§ WHAT IS NEEDED
Pictures left aside, return the lines below exactly, from the one with "Original Wireless Receiver bottom" to the end, including both ends.

§ INFORMATION PROVIDED
= Beginning of Section =

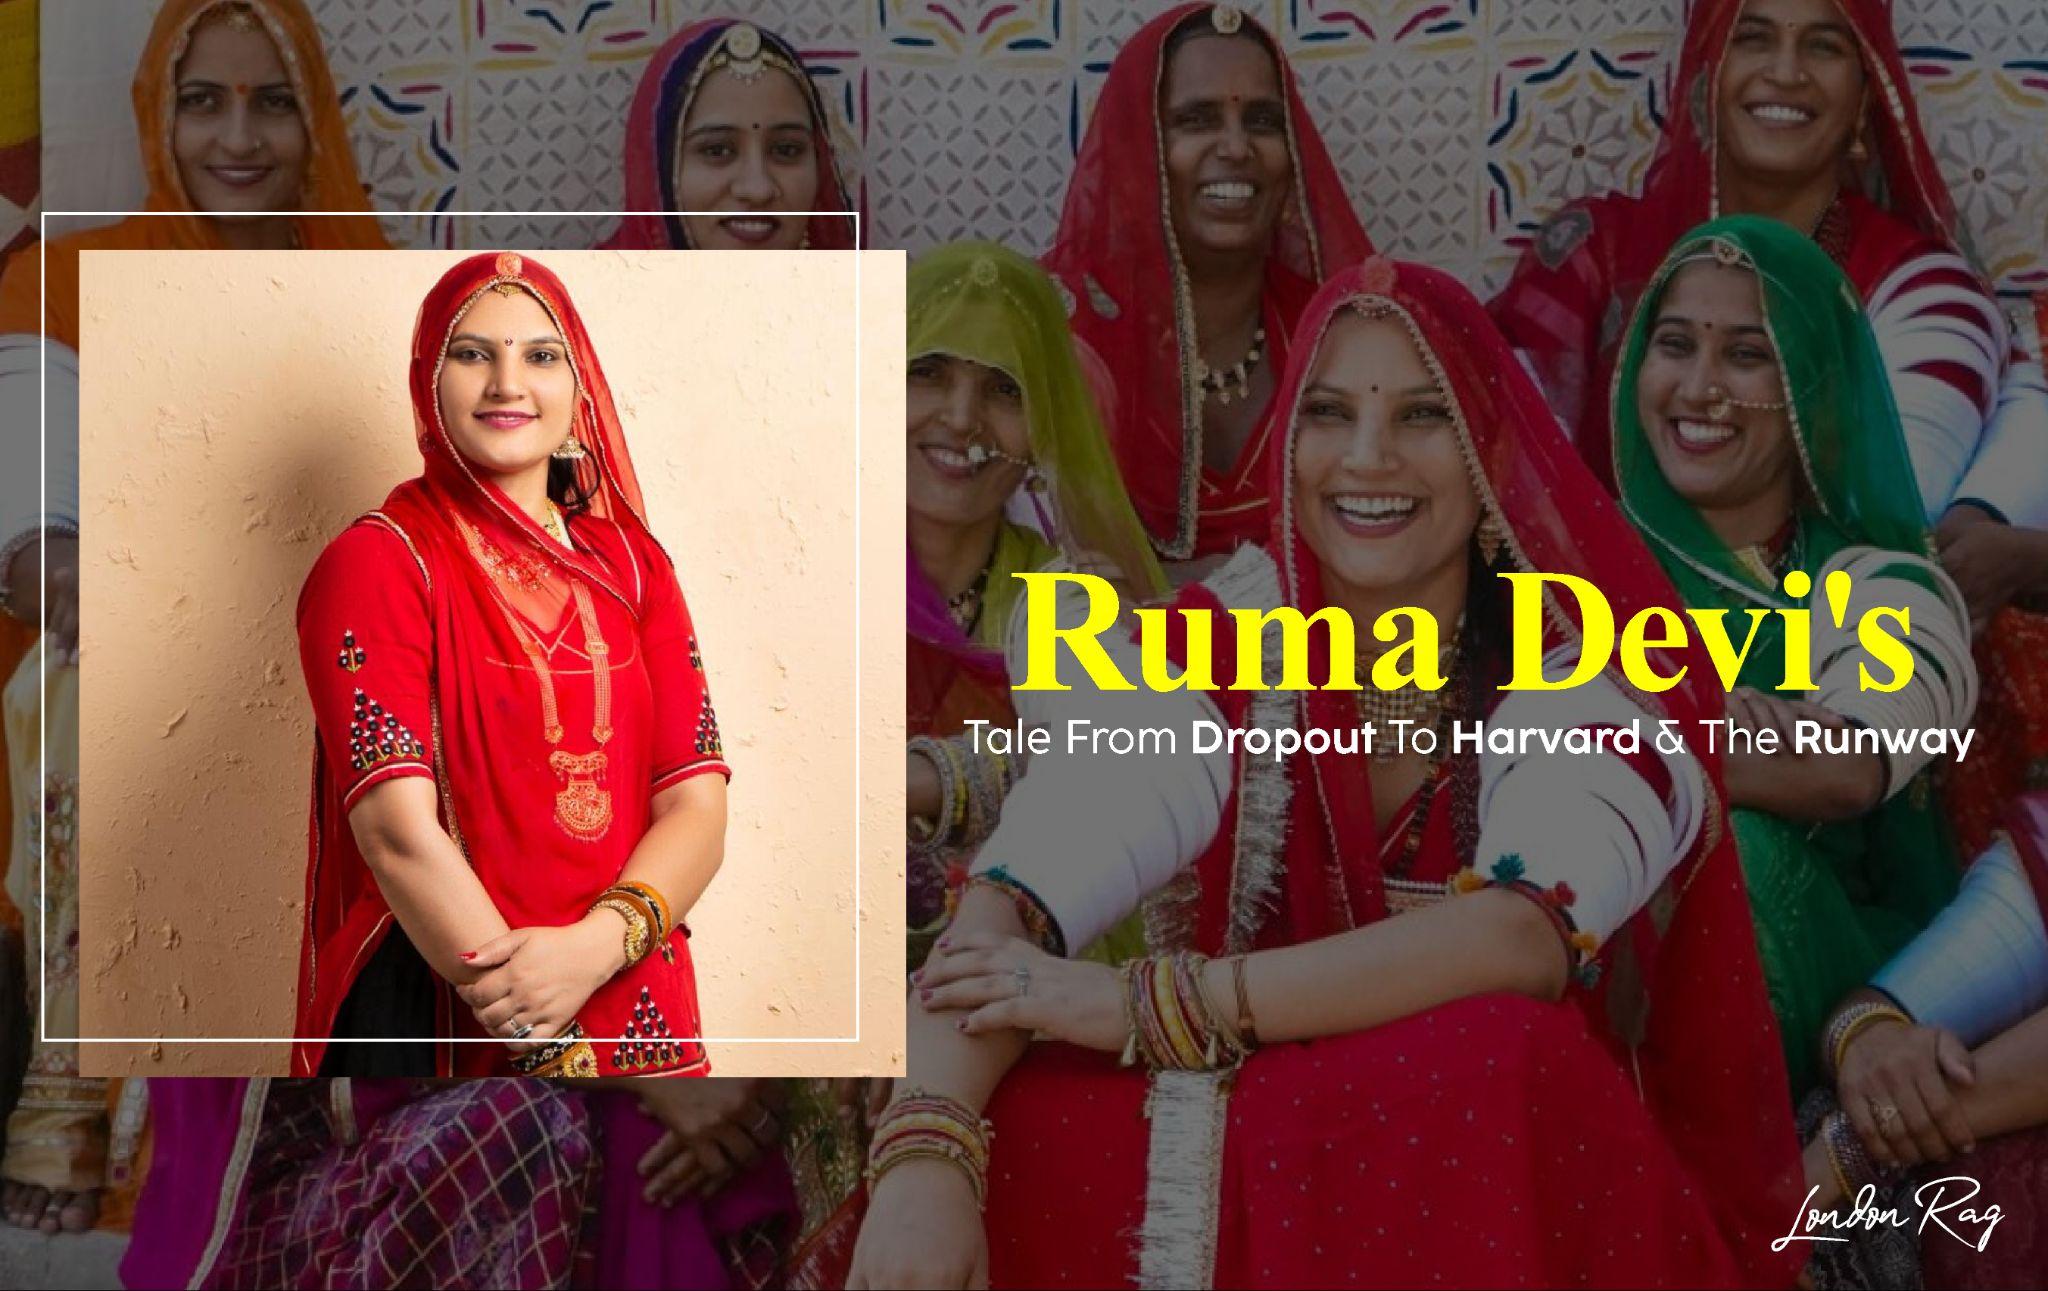 ความสำเร็จในการทอผ้า: เรื่องราวของ Ruma Devi จากการออกกลางคันไปฮาร์วาร์ดและรันเวย์
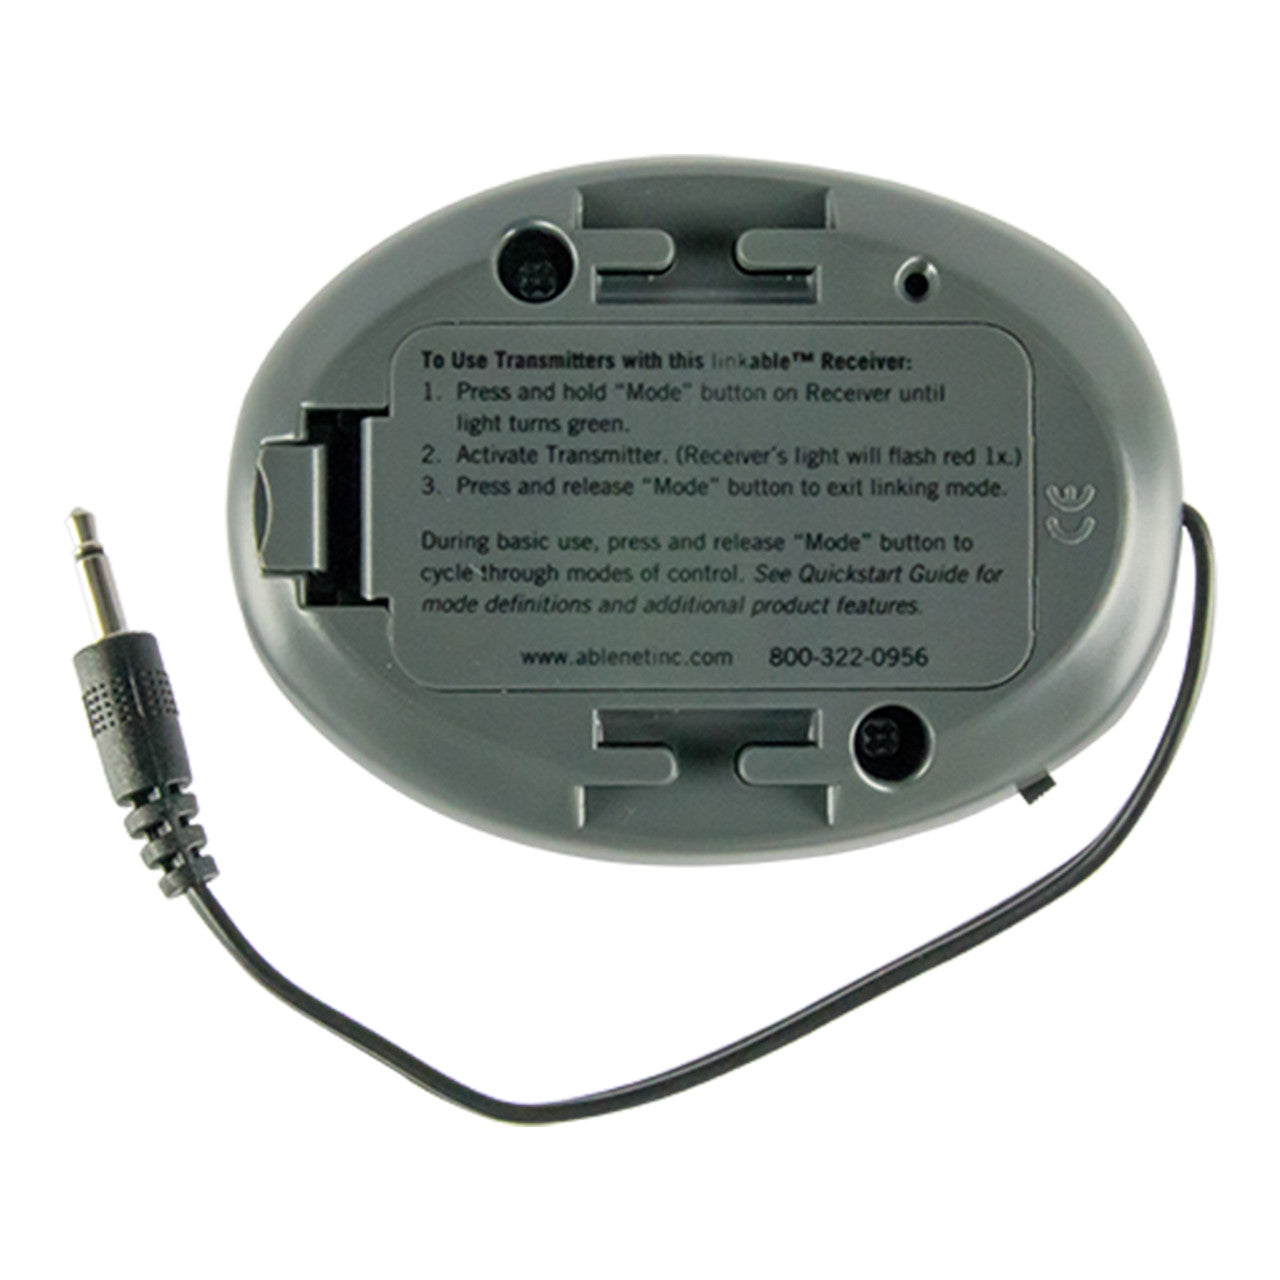 Original Wireless Receiver bottom
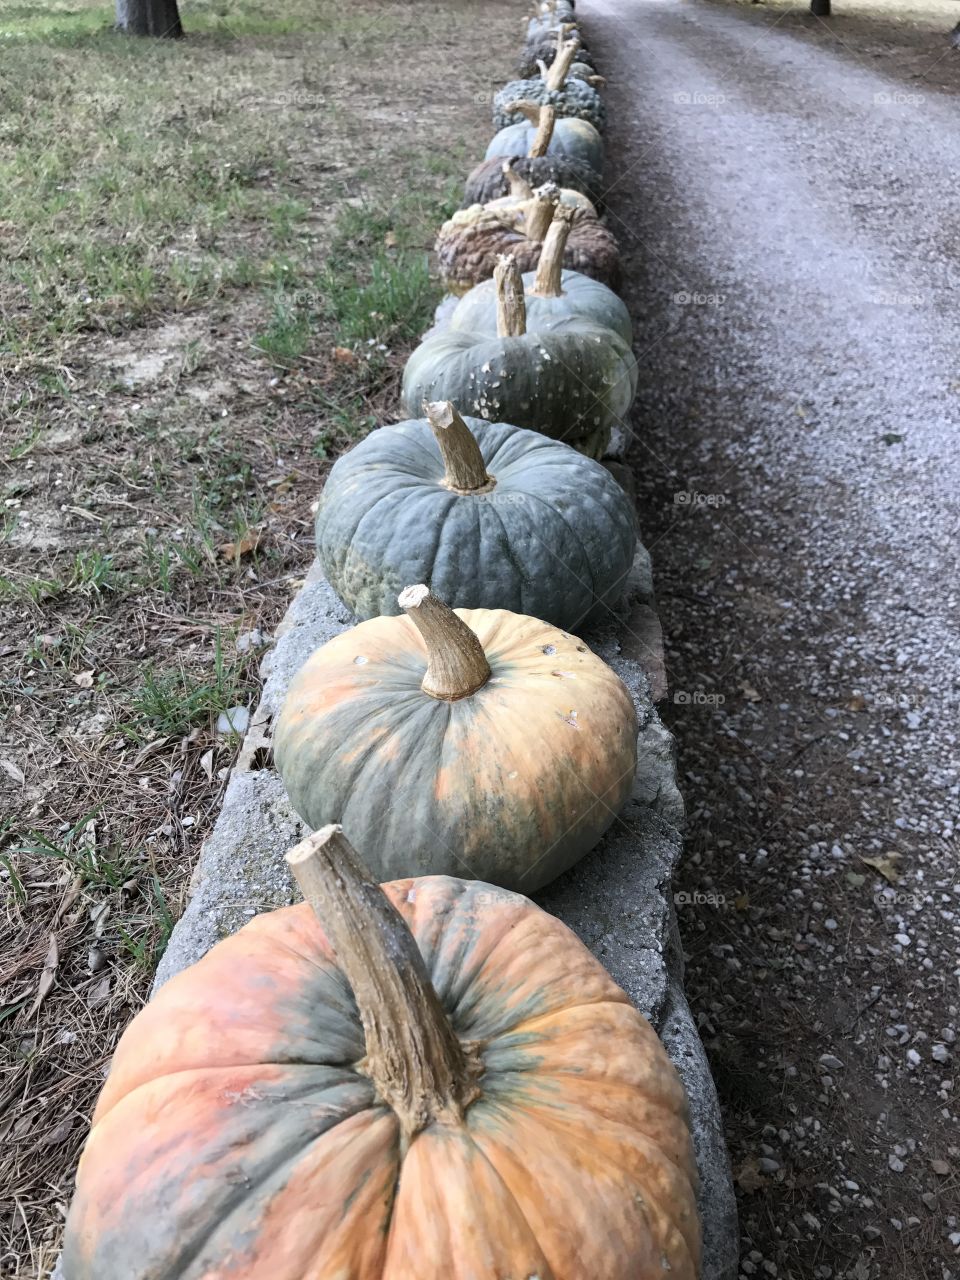 Pumpkins in a row

= End of Section =

§ RESPONSE
 Original Wireless Receiver bottom
 Pumpkins in a row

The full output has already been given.